> [Action item]:
The listing below should be written out word for word, with its pictures removed.

> [Given information]:
══════
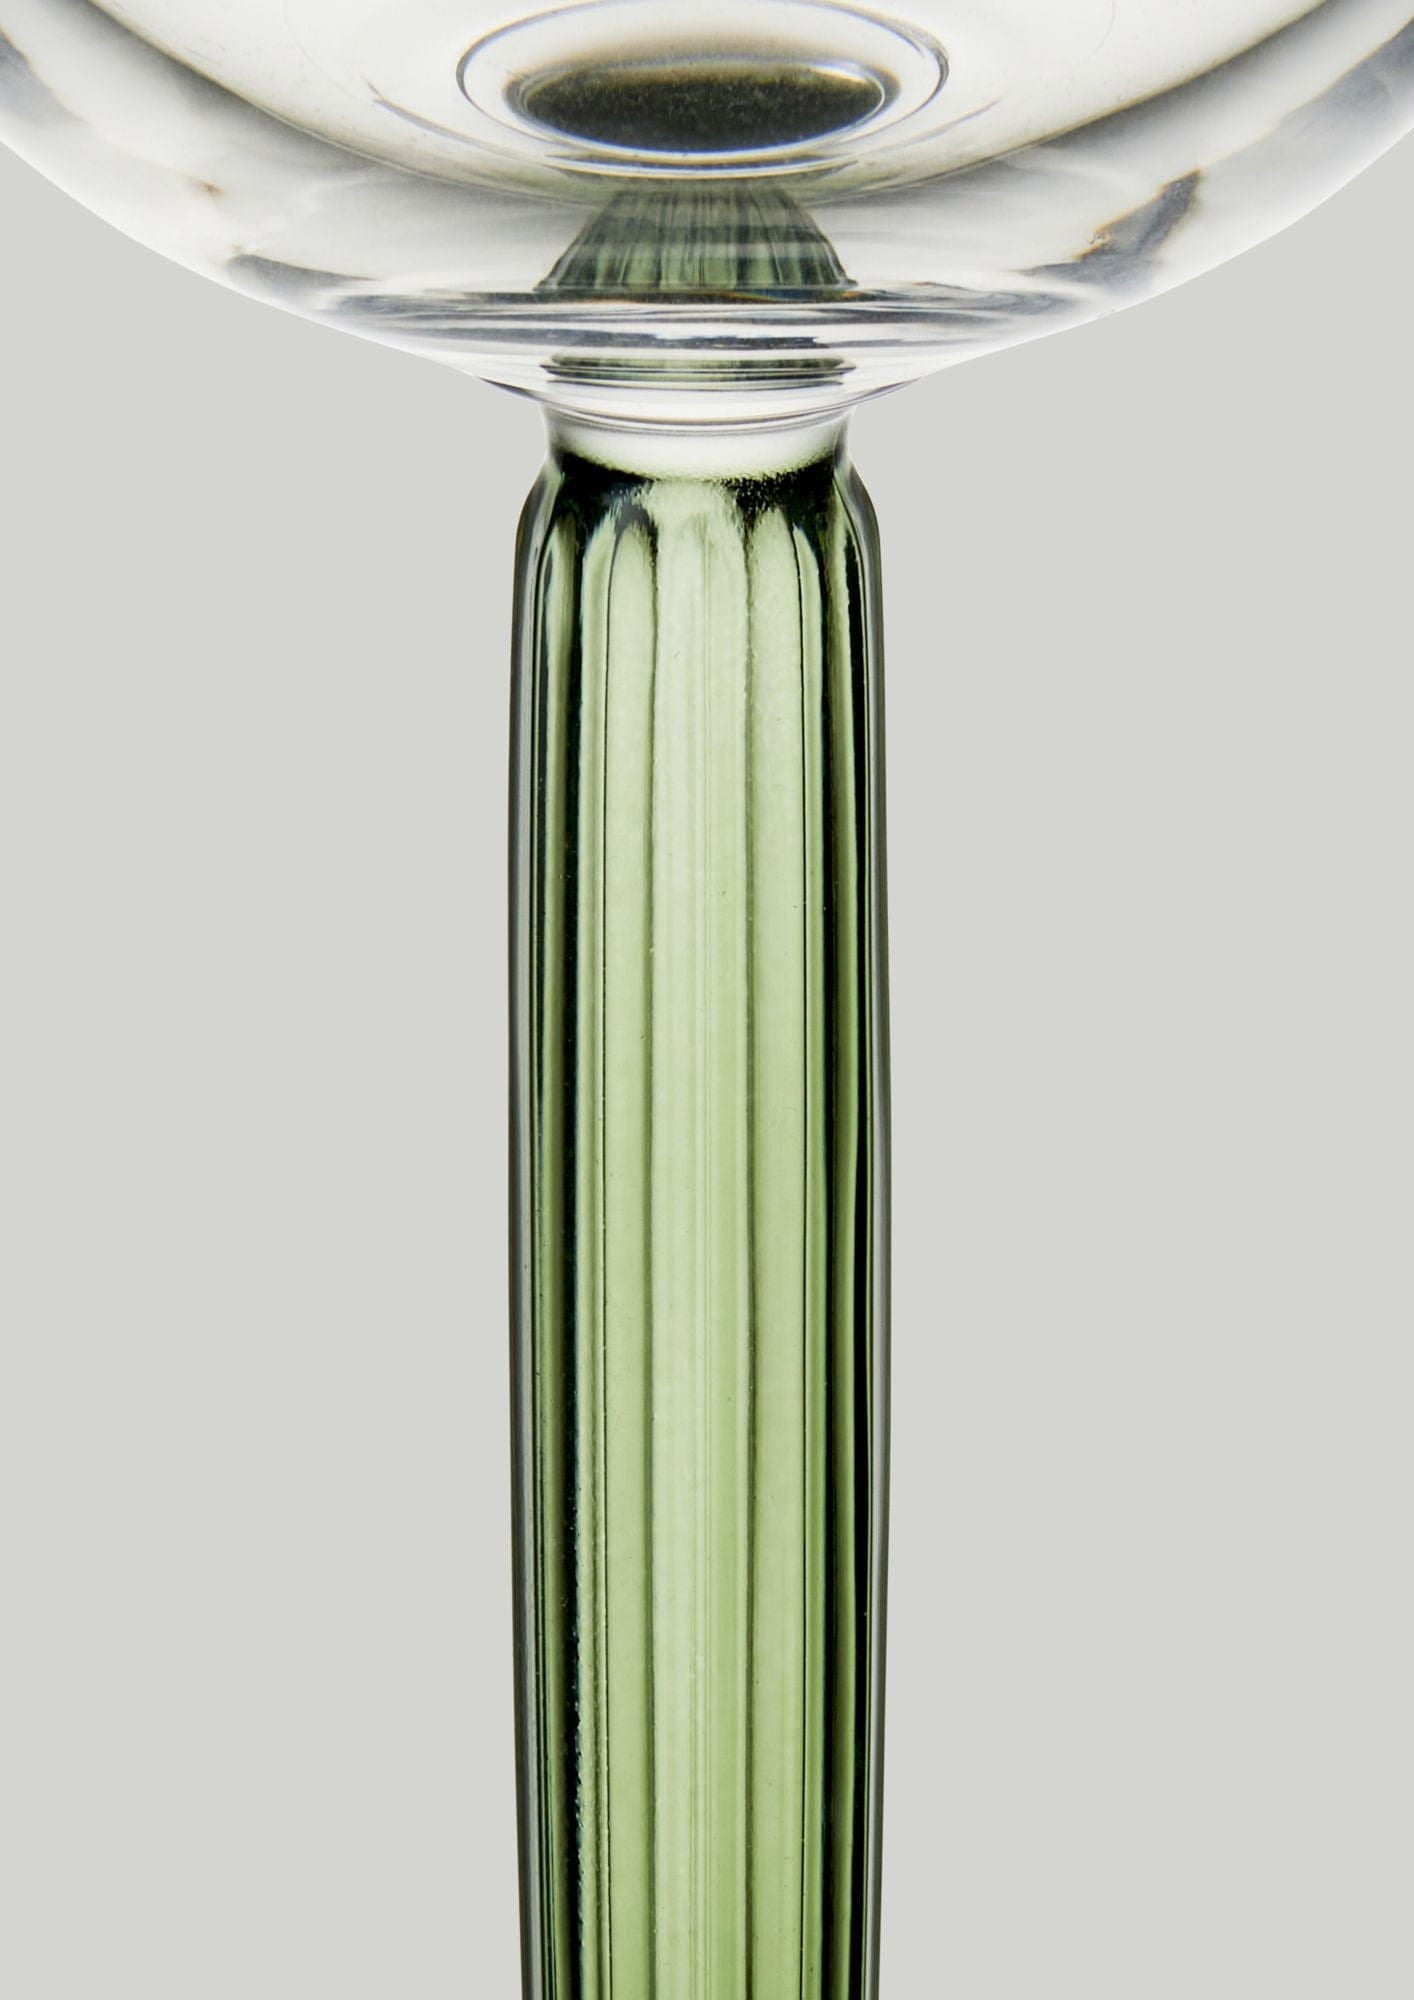 Kähler Hammershøi Champagne Glass Set av 240 ml, grönt
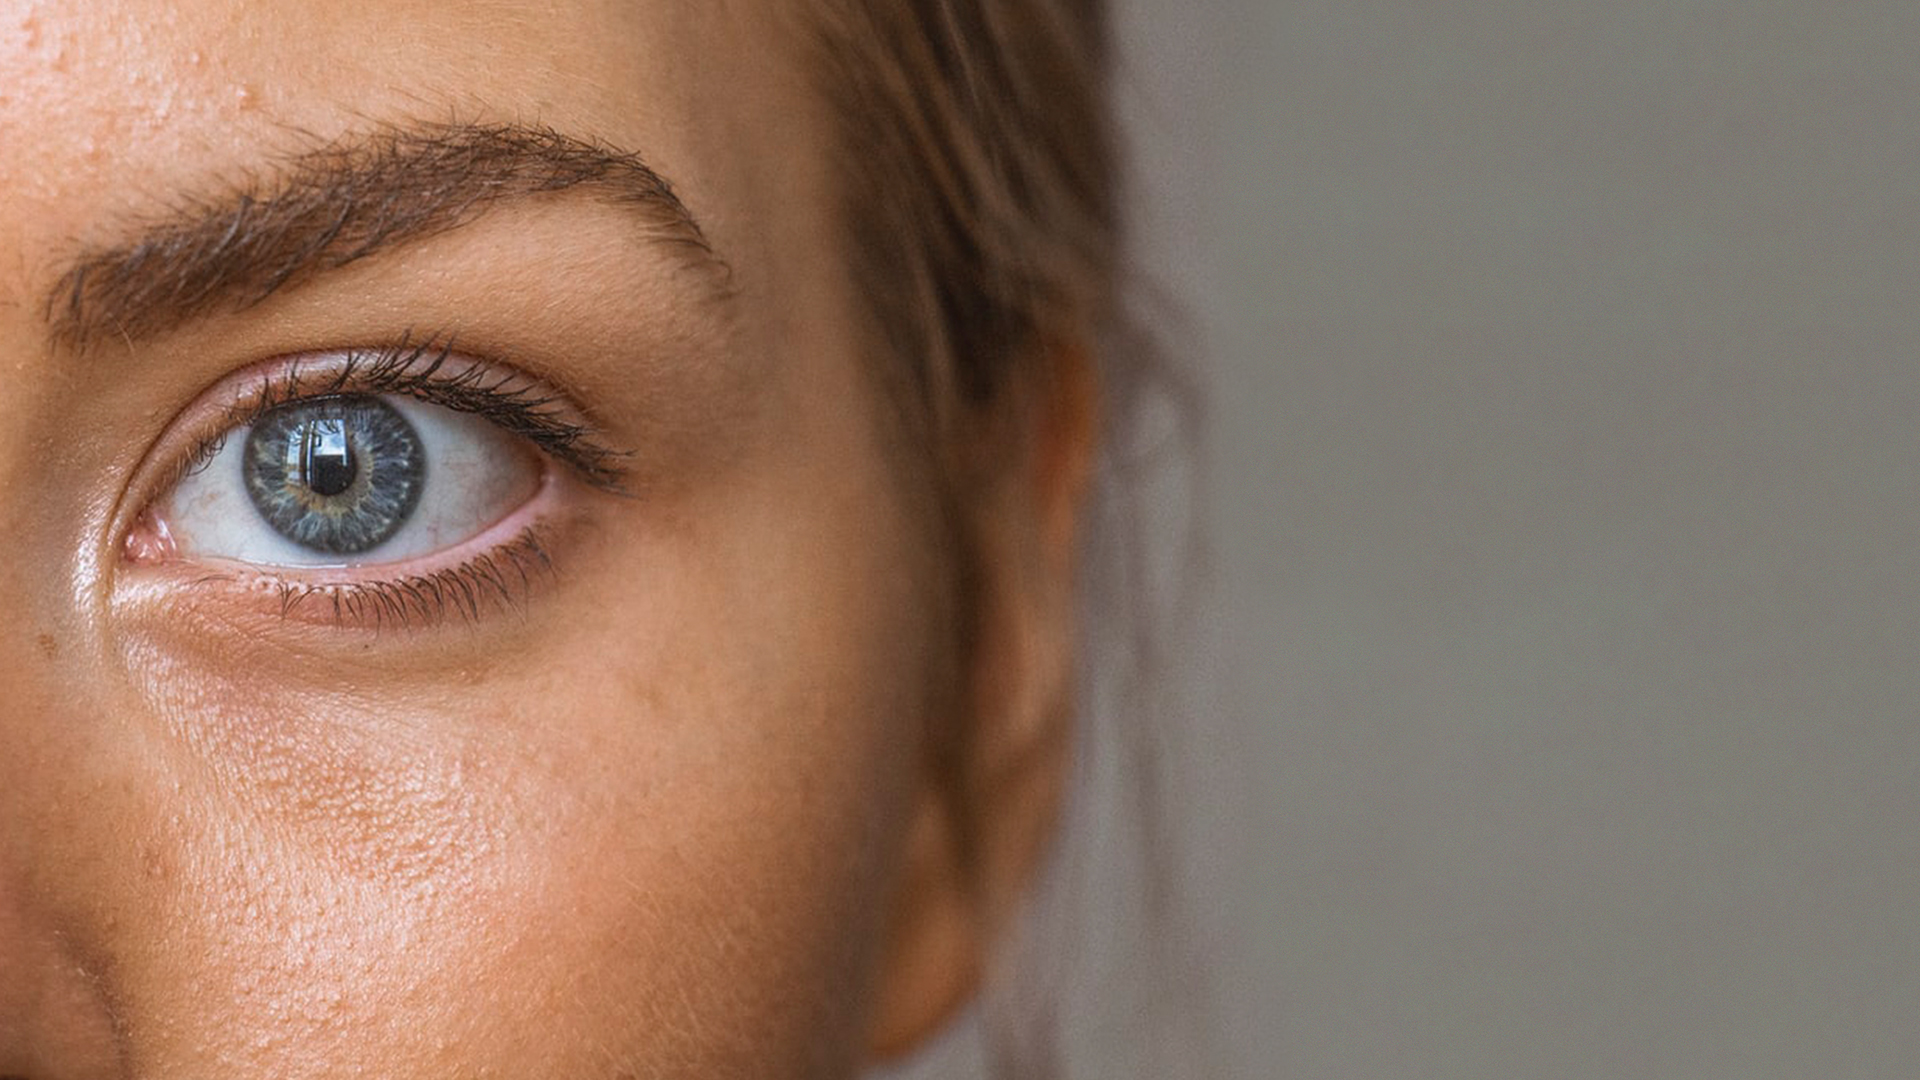 Sinis Geelachtig adelaar Acne behandeling: welke BIODERMA routine? | BIODERMA
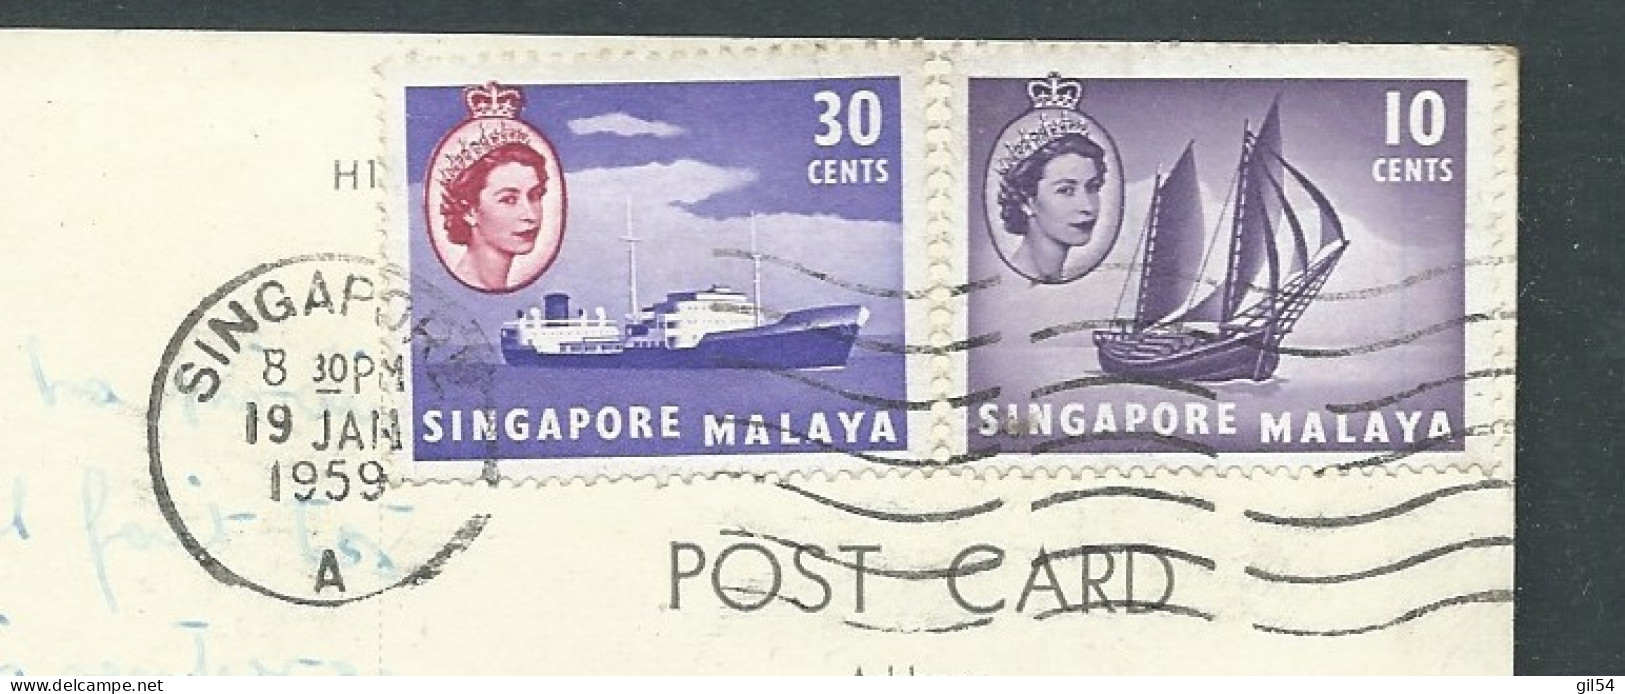 Singapour  - Yvert N° 38 Et 34 Affranchissant 1 Carte Pour La France En Janvier 1959 - FAI 20079 - Singapore (...-1959)
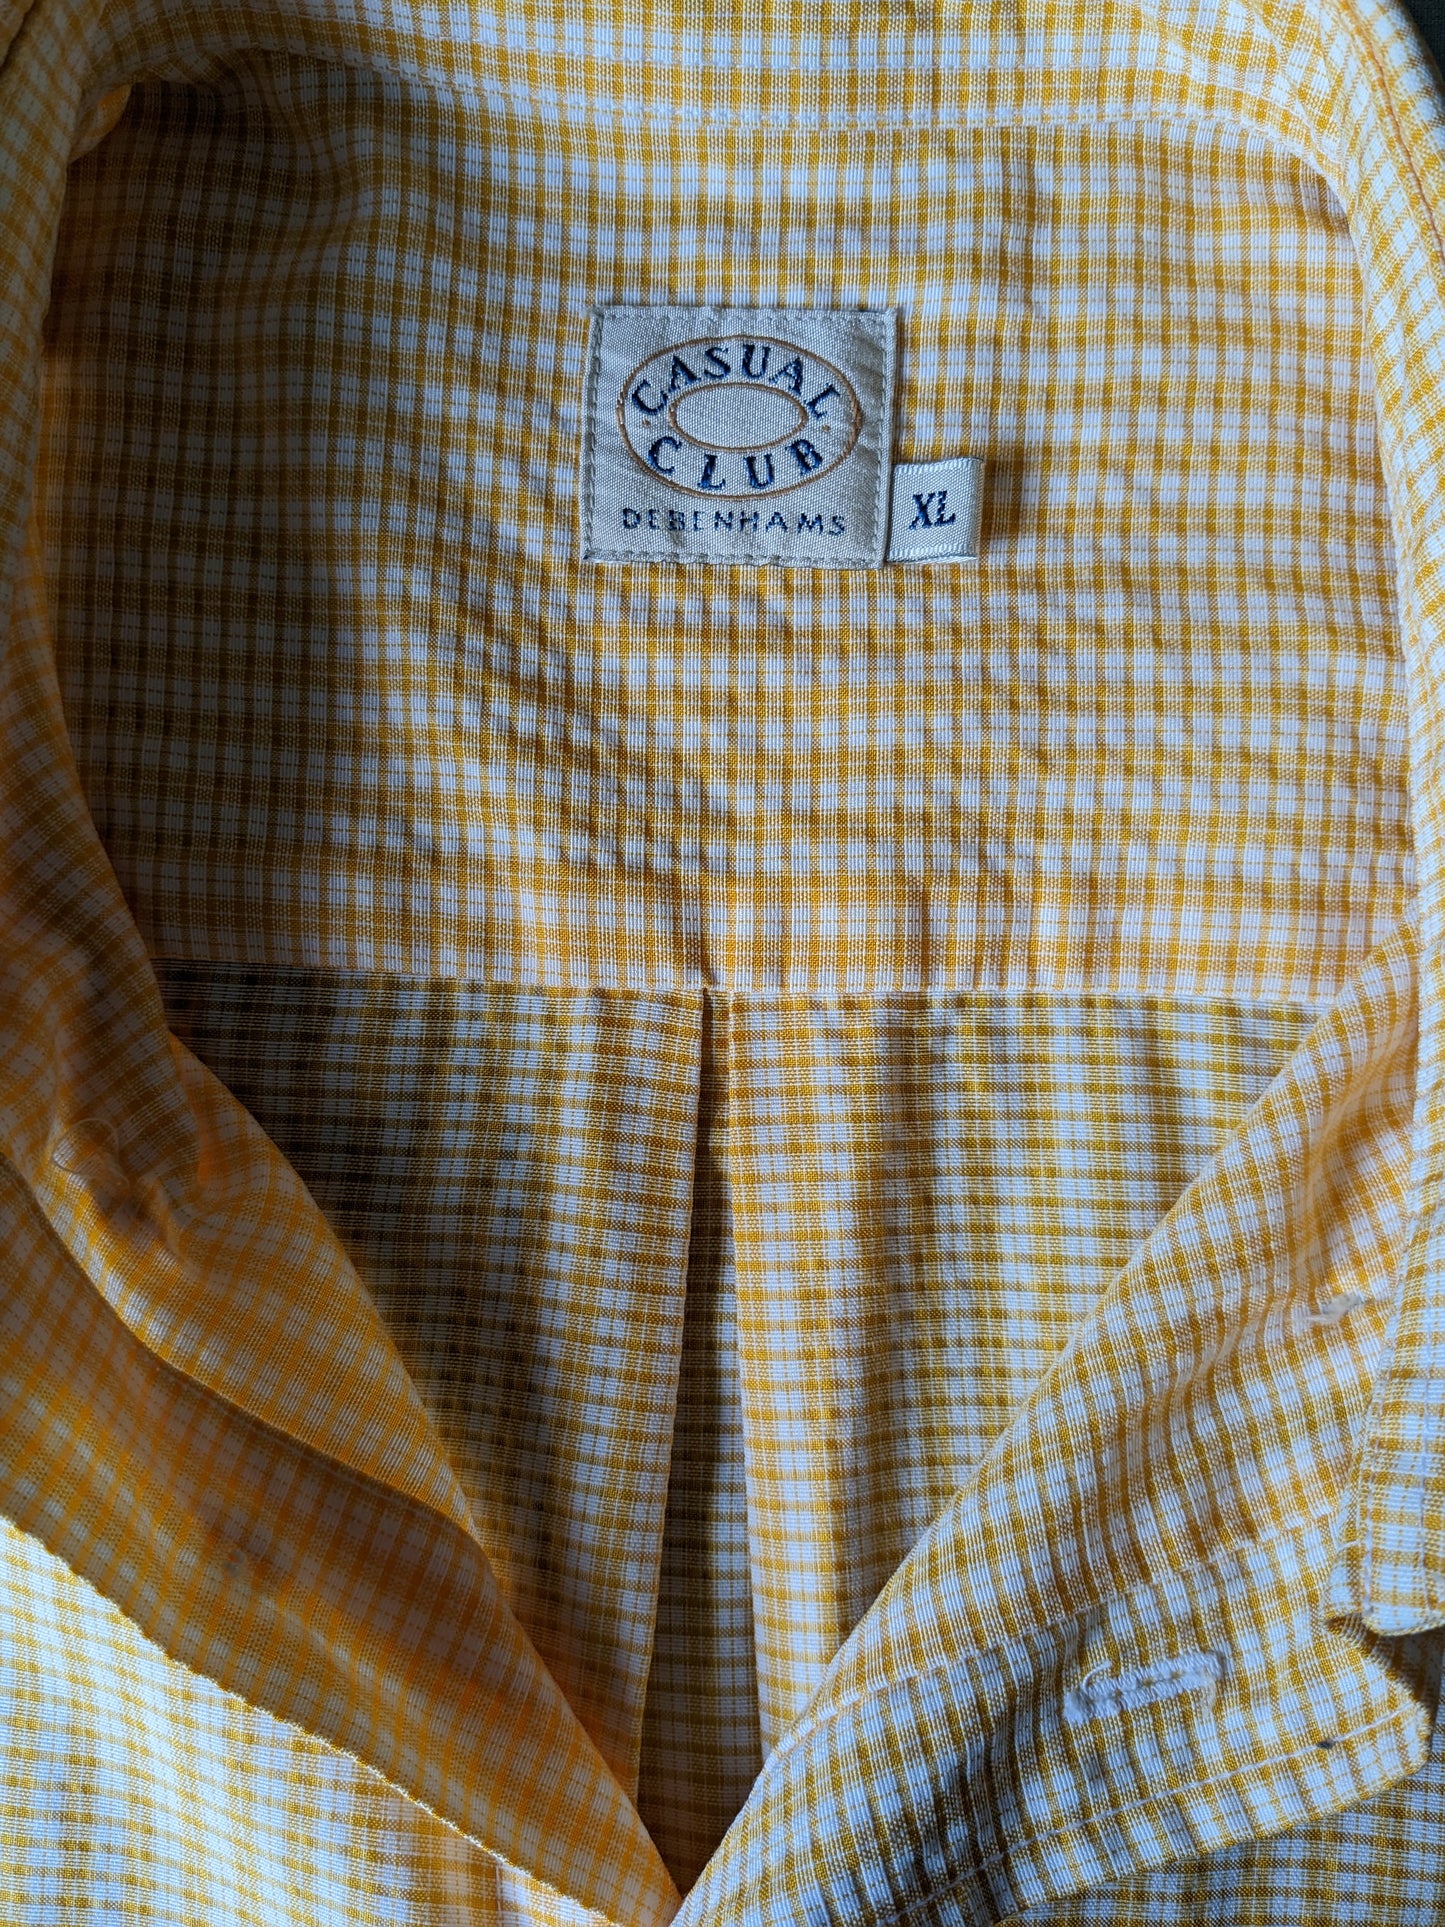 Chemise de club décontractée vintage à manches courtes. Motif beige orange. Taille xl / xxl-2xl.
══════
> [Solution to this exercise]:
 Kähler Hammershøi Champagne Glass Set av 240 ml, grönt
 Sinis Geelachtig adelaar Acne behandeling: welke BIODERMA routine? | BIODERMA
 Singapour  - Yvert N° 38 Et 34 Affranchissant 1 Carte Pour La France En Janvier 1959 - FAI 20079 - Singapore (...-1959)
 Chemise de club décontractée vintage à manches courtes. Motif beige orange. Taille xl / xxl-2xl.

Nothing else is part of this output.